There is a data gap in ESG, and most available information is backwards-looking while the opportunities available in emerging markets require bottom-up analyses, noted investment company Abrdn investment director and ESG equities head Sarah Norris.

“In terms of Abrdn’s strategy, we prioritise unmet needs and use the World Bank database and other international agencies’ databases. Where various needs are below the global average, we look for companies providing solutions to these unmet needs. This helps us to hone in on demand opportunities,” she said.

Meanwhile, development finance institutions (DFIs) have, and are playing, a large role in supporting ESG investments into emerging markets, said Smith.

“They are a force for good and a global public good from the perspective of providing data, which is one of the ways we monitor ESG trends, with DFIs providing macroeconomic, social and governance data flows on a regular basis. Our first port of call is often DFI reports on a country,” he said.

In terms of concessional finance and emergency finance, the role of DFIs has been highlighted, such as the role of the International Monetary Fund during the Covid-19 pandemic impacted period in providing rapid financing, Smith added.

“The way they work is important and they can play a role as catalysts for investing in a particular climate adaptation project, for example. Further, as they carry out due diligence processes and do assess the impact of projects, this helps to get marginal investors involved,” he said.

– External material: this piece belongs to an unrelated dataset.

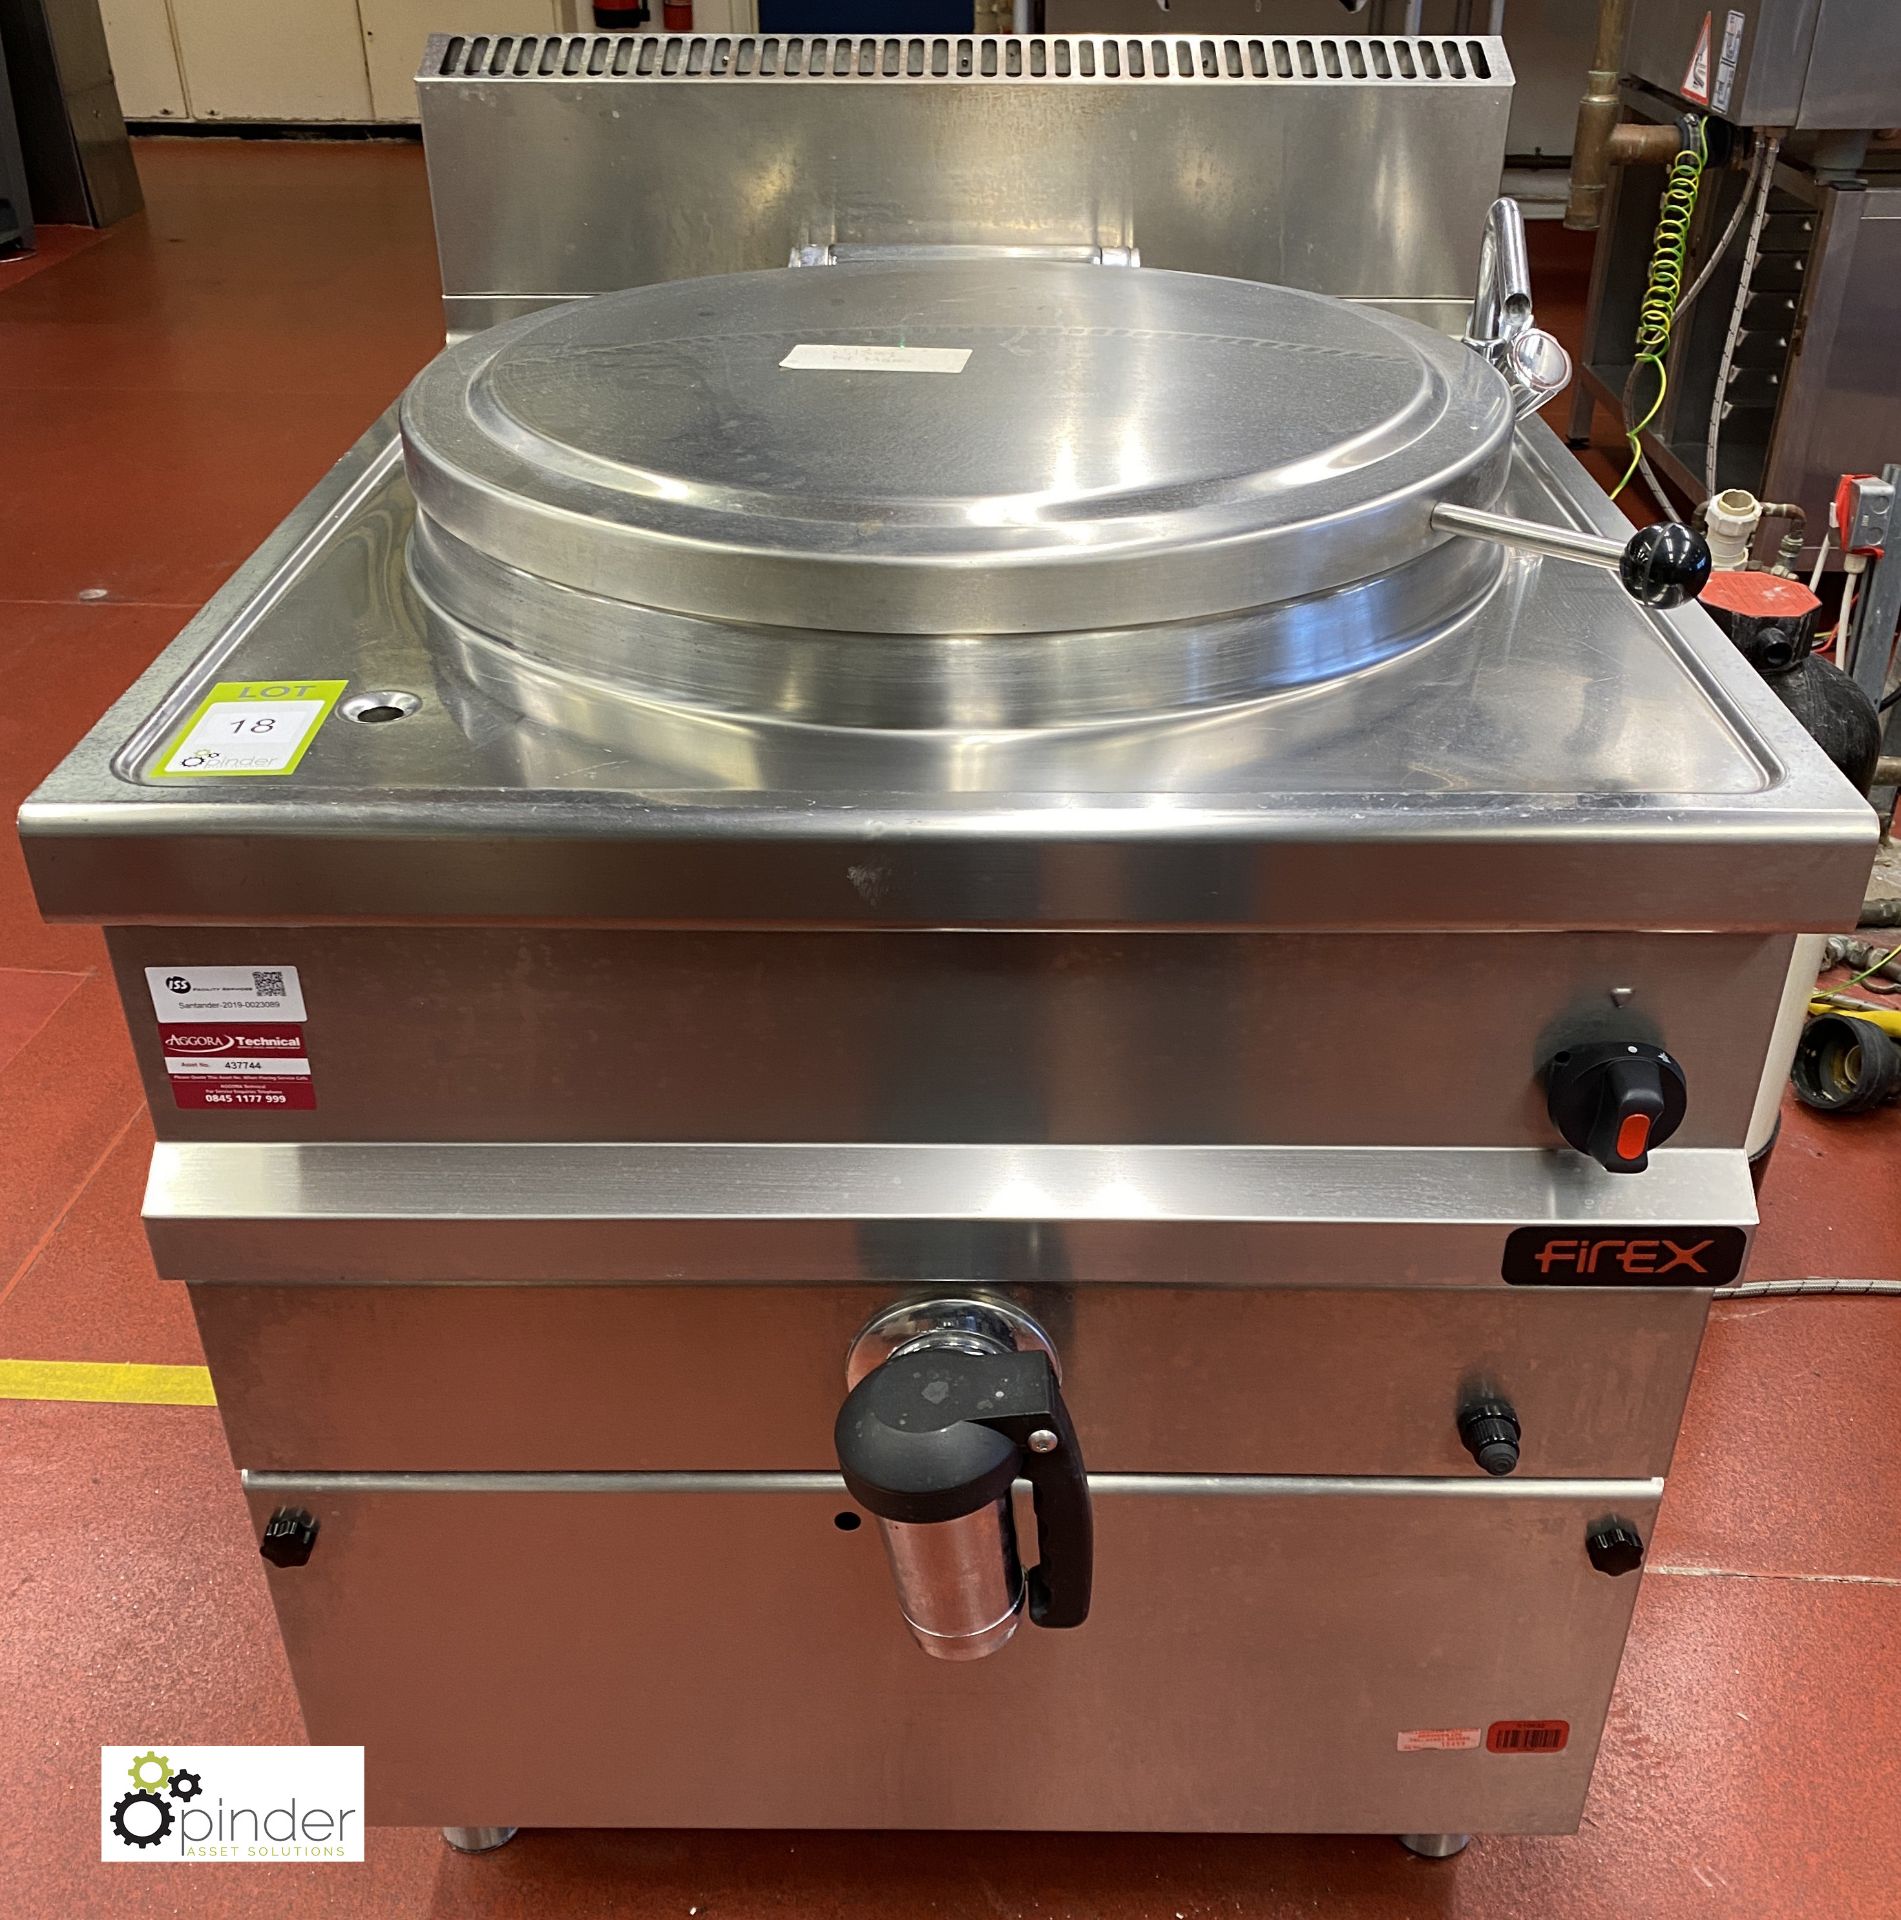 Firex stainless steel gas fired boiling Easypan, 800mm x 900mm x 1000mm (lot location – Parkview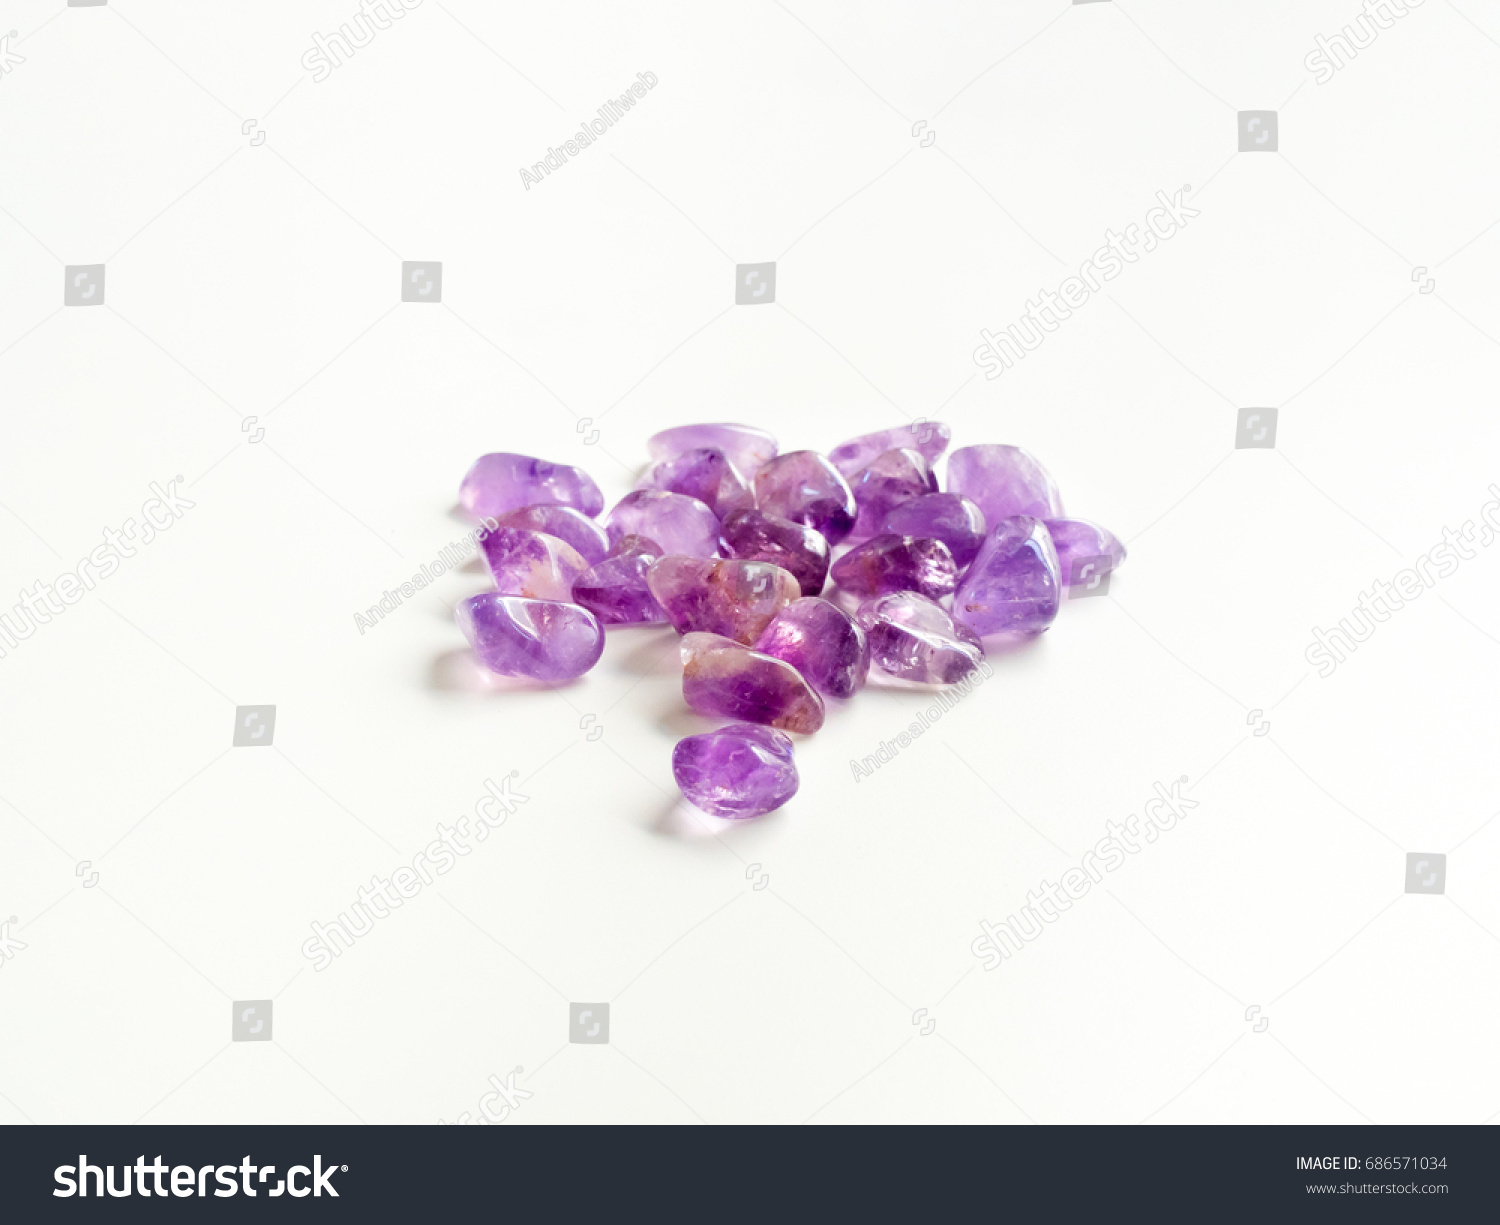 Tumbled Amethyst stones close up on table for crystal therapy treatments and reiki #686571034

The challenge is how to get such effects to scale. Key to this is to determine how the money can be absorbed and whether it will be spent well by a country, as further investment rounds can provide greater funding, he said.

“The problem is to build an ESG framework that is data-driven. If we look at changes in governance perception rankings, for example, this is not high-frequency data. But we have to explain why we are investing and a quantitative approach can help to verify and demonstrate that investments are helping a country to reach its SDGs,” Smith said.